(DATASET CONTENT begins)

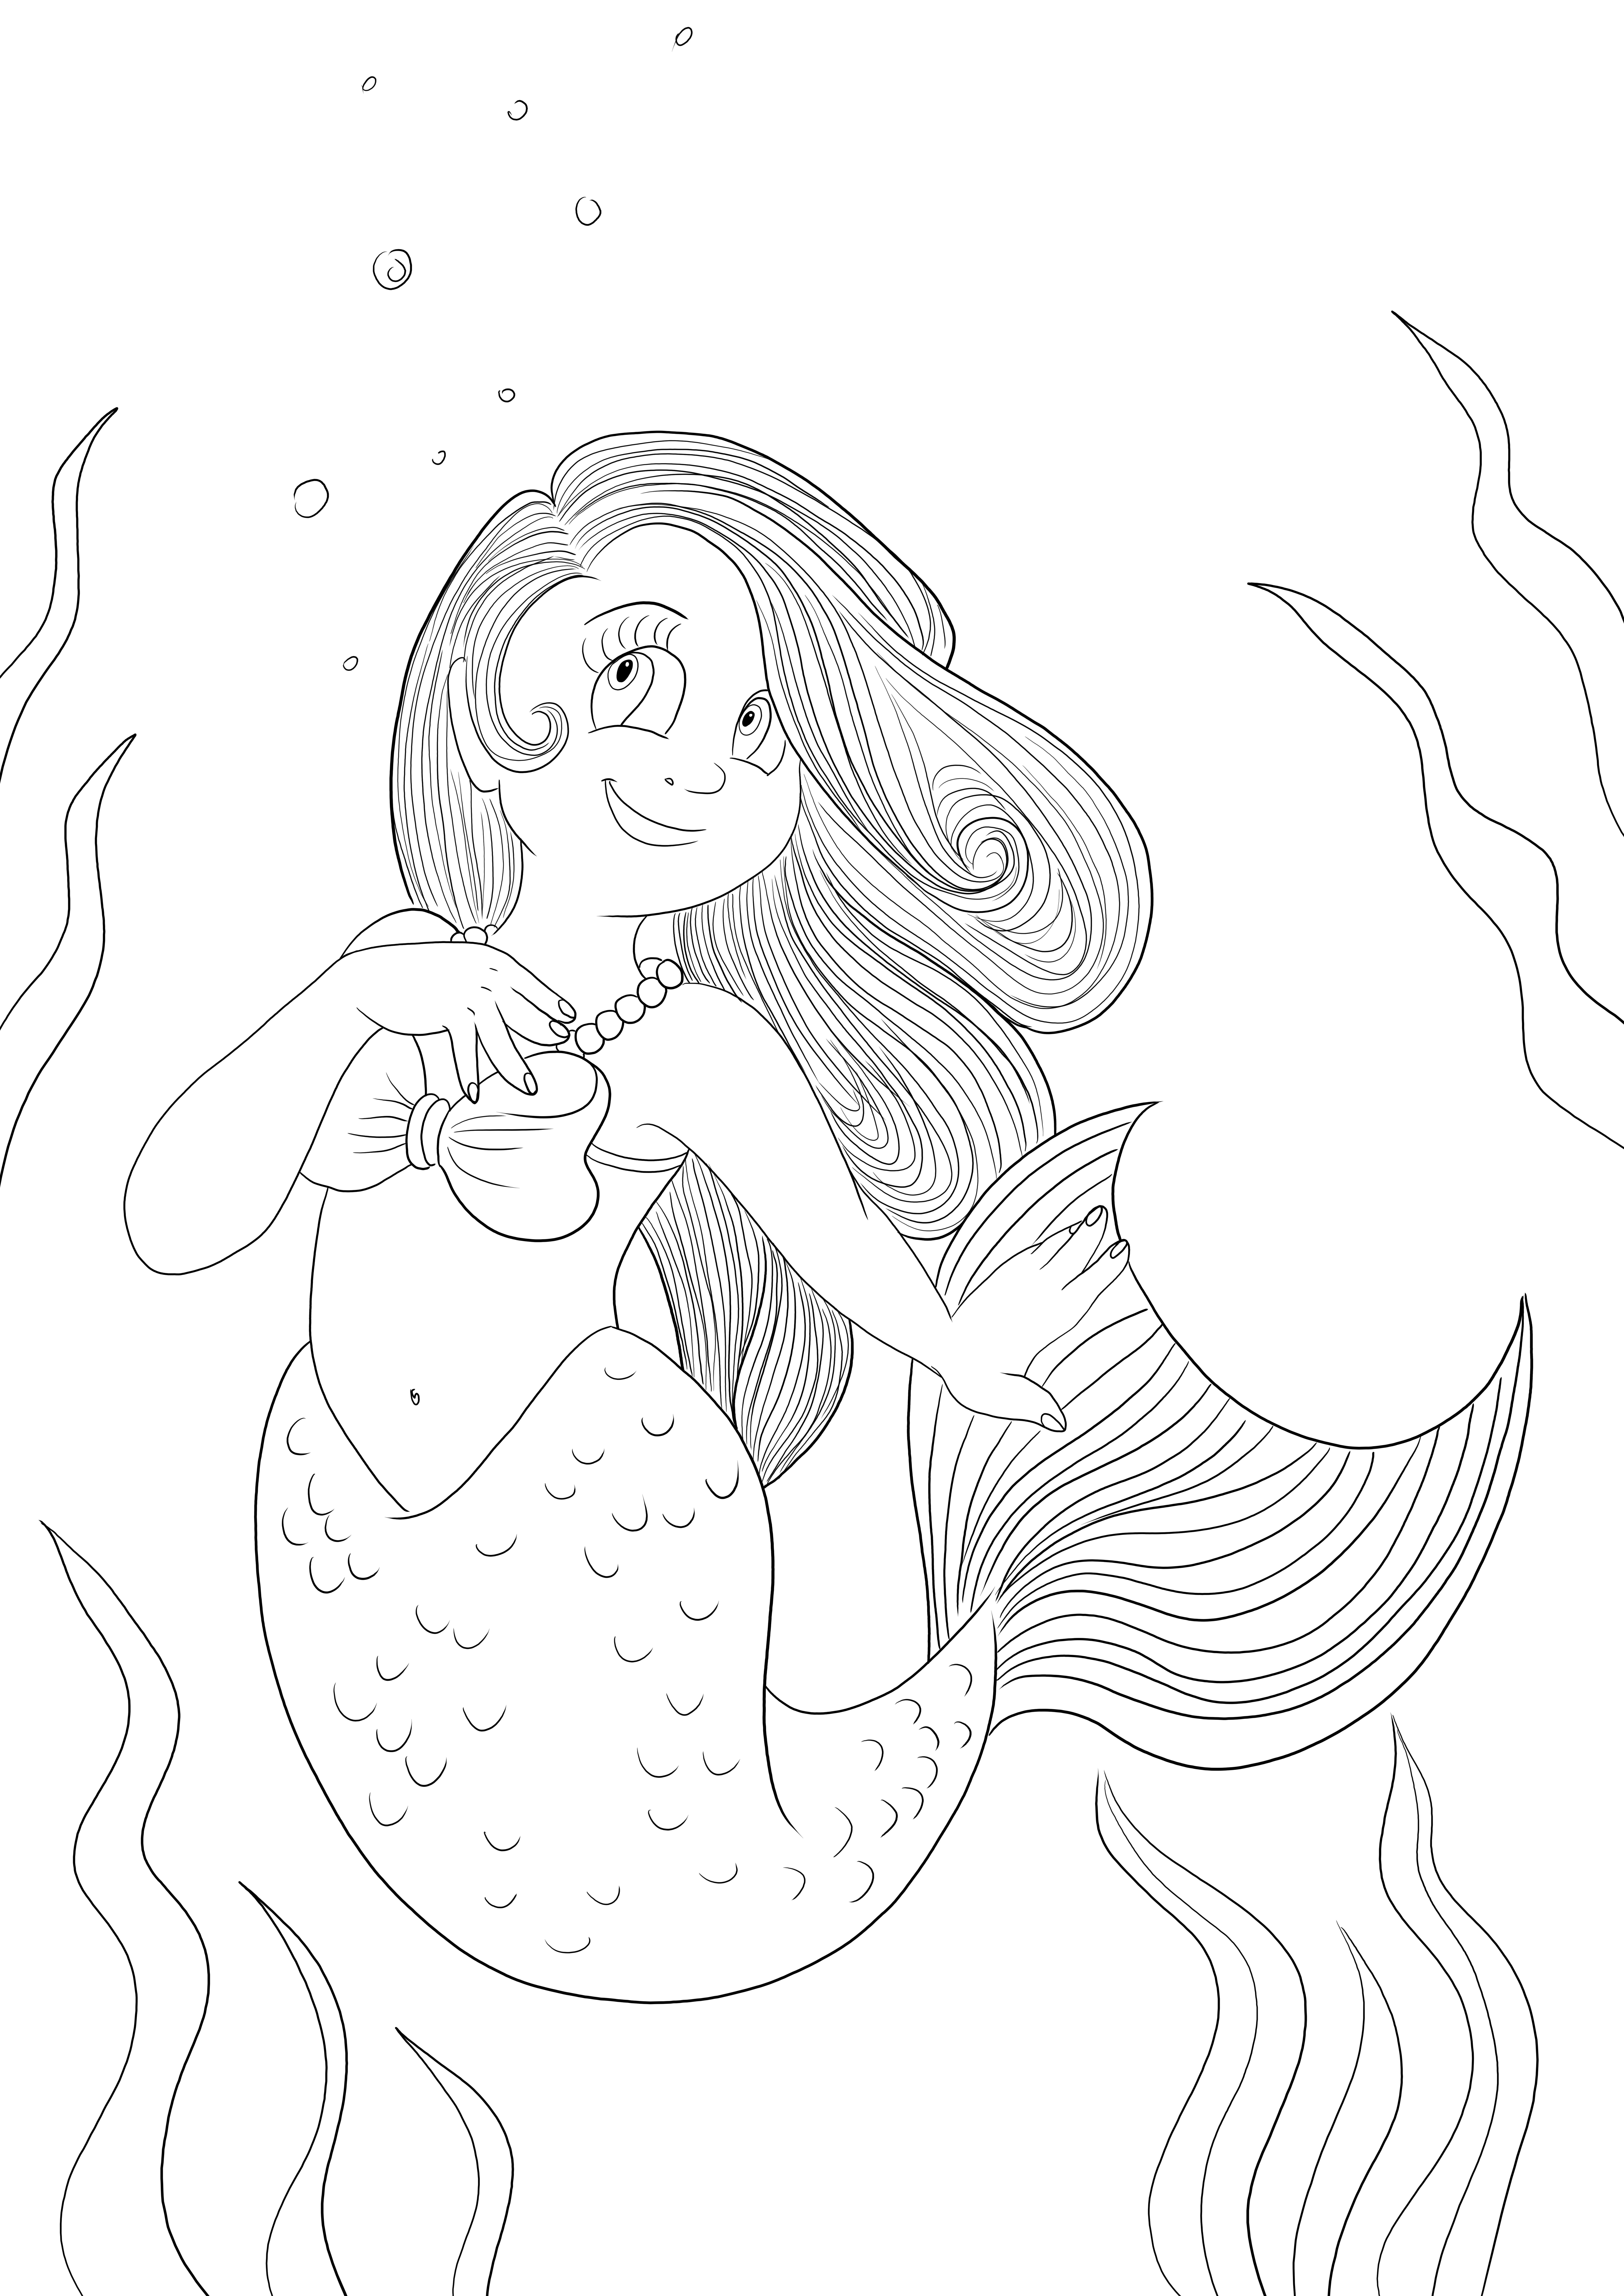 Lustige Meerjungfrau zum kostenlosen Ausmalen und Drucken von Bildern für Kinder jeden Alters
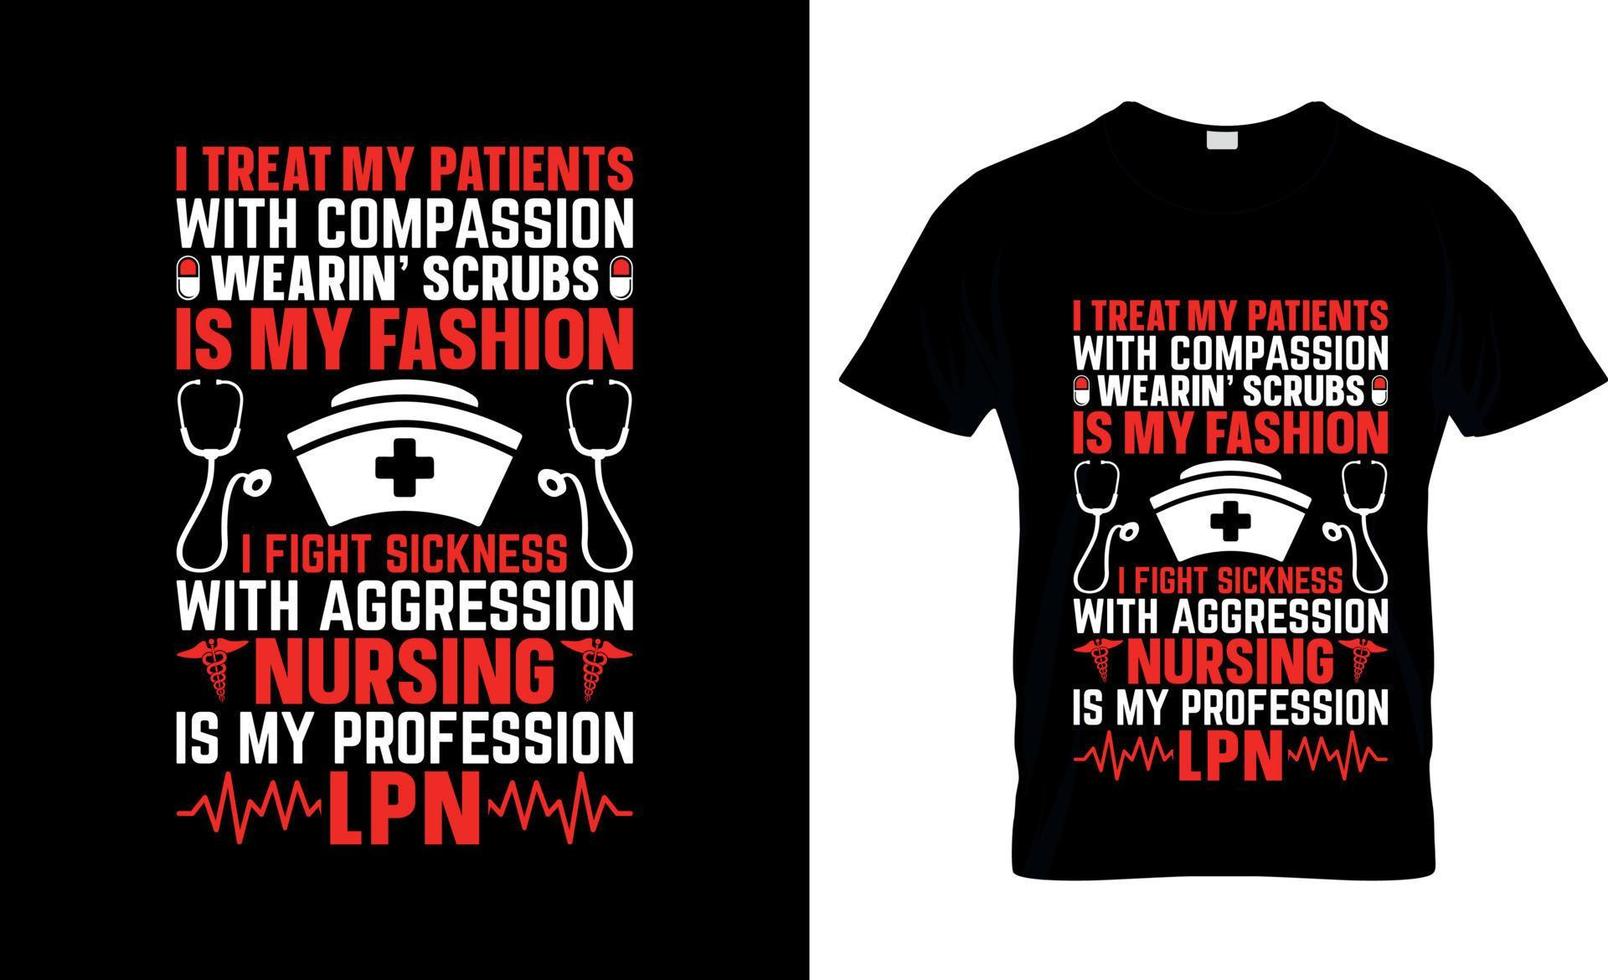 licensierad praktisk sjuksköterska t-shirt design, lpn t-shirt slogan och kläder design, lpn typografi, lpn vektor, lpn illustration vektor
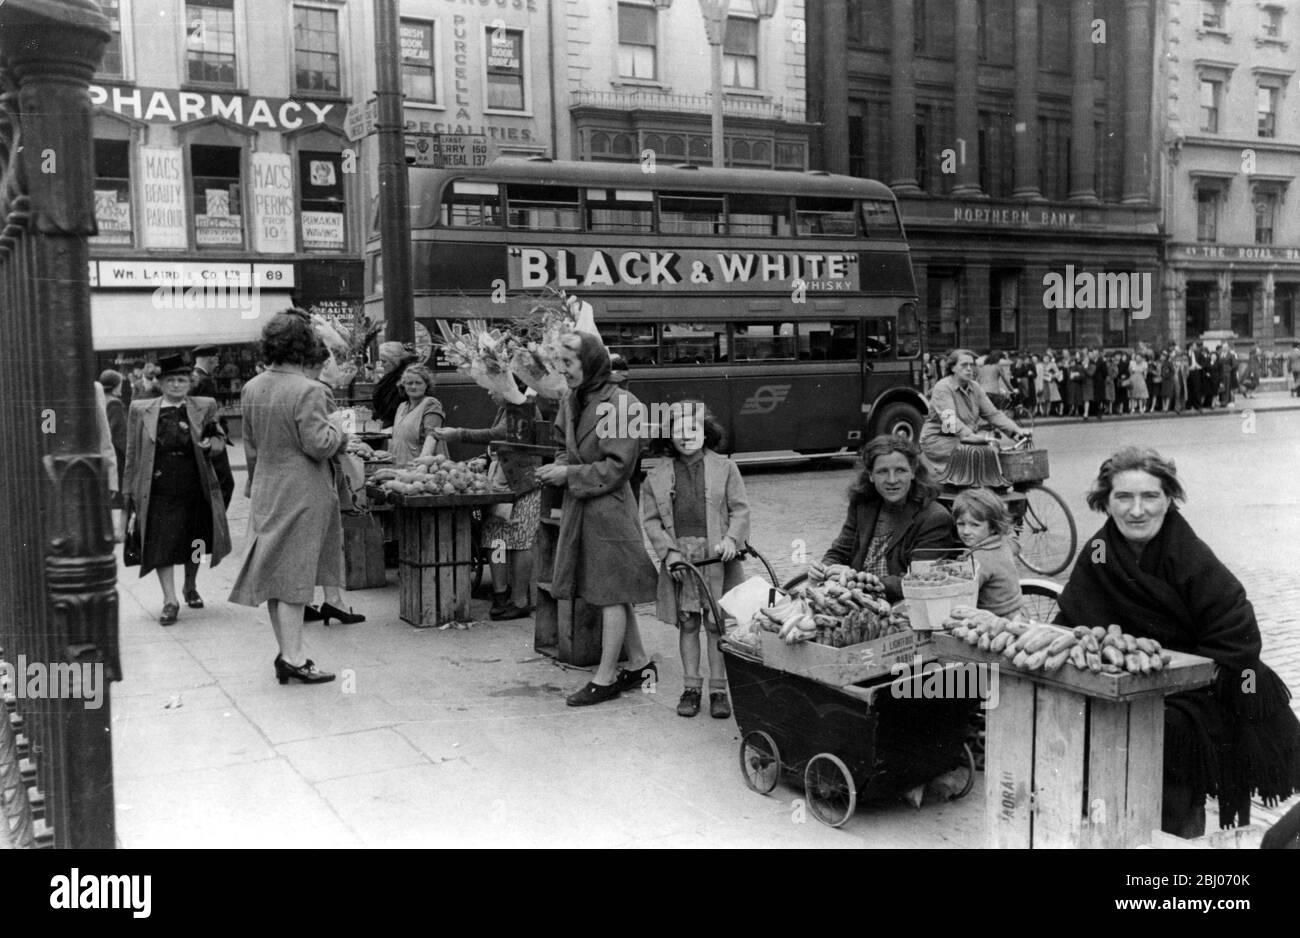 Westwood , Irlanda - non è possibile fare razionamento qui. Arance, banane e pomodori in vendita a tutti, non fare la coda e i prezzi sono a buon mercato. - 8 agosto 1946 Foto Stock

(DATASET CONTENT ends)

- _TASK OBJECTIVE_: Every line from the one bearing "licensierad praktisk sjuksköterska" through the end of the data above must be output exactly, and no picture may appear.

- _YOUR RESPONSE_:
 licensierad praktisk sjuksköterska t-shirt design, lpn t-shirt slogan och kläder design, lpn typografi, lpn vektor, lpn illustration vektor
 Westwood , Irlanda - non è possibile fare razionamento qui. Arance, banane e pomodori in vendita a tutti, non fare la coda e i prezzi sono a buon mercato. - 8 agosto 1946 Foto Stock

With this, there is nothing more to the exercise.